Friday, January 20, 2017

Forgetfulness and Memory Loss at Work

memory stages line drawing in 3 panels
Memory loss results from disruption at any of these processes

Forgetfulness and Memory Loss 

Forgetfulness or failure to remember information, is a common complaint. All of us have at some time or the other forgotten to make that important call, to pick up some items from the store, an anniversary or birthday, or a colleague’s name. Students forget what they have “learnt” during exams. We often can’t remember where we have left our car keys, our wallet or that important document. Is it normal? And more importantly; when do we need to seek help?

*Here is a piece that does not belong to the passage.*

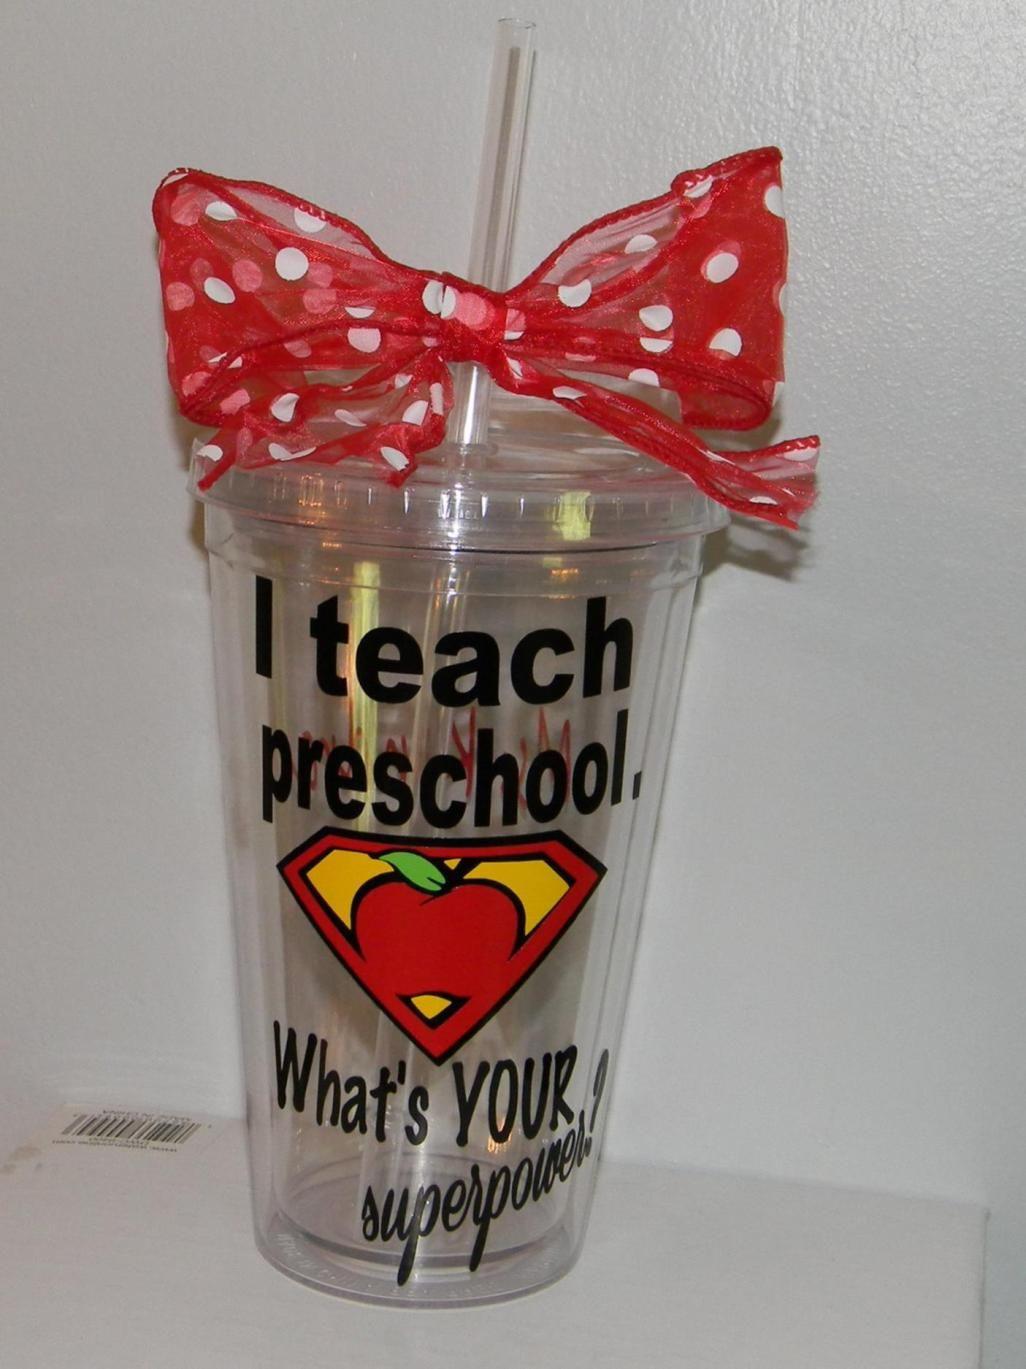 67 Inspiring Teachers Gifts For Christmas Ideas Have Fun Decor Daycare Teacher Gifts Preschool Teacher Gifts Preschool Gifts

Forgetfulness or memory loss and difficulty concentrating are common symptoms of mental health disorders. This is specially so in depression, anxiety disorders, ADHD (Attention Deficit Hyperactivity Disorder), and dementias as shown in the examples below.
A young working professional seeks help for increased forgetfulness and poor ability to focus at work. Further probing reveals decreased interest in doing things at work and home. She is also irritable, depressed and her sleep is disturbed. These symptoms of low mood can exist in the background of memory loss and problems with focus.
A student during exams has high anxiety causing memory loss. She cannot recall the answer to a certain question. She gets nervous. This causes her to make mistakes in the next question. She tends to panic; fail to recall what she studied. This vicious cycle is common in anxiety disorders and can manifest as problems with concentration, memory and forgetfulness.
An older person does not just forget the name of his neighbour (something that may happen to any of us); but also who she is. He has problems using money, and with shopping. Difficulties at work manifest towards the end of the career. Dementias affect the aged; cause memory loss and affect the context of the memory. 
A young professional has problems organising and completing projects at work. There may be a history of attention and academic problems in school. Working memory gaps are common in this group. ADHD is a common cause of this problem in adults.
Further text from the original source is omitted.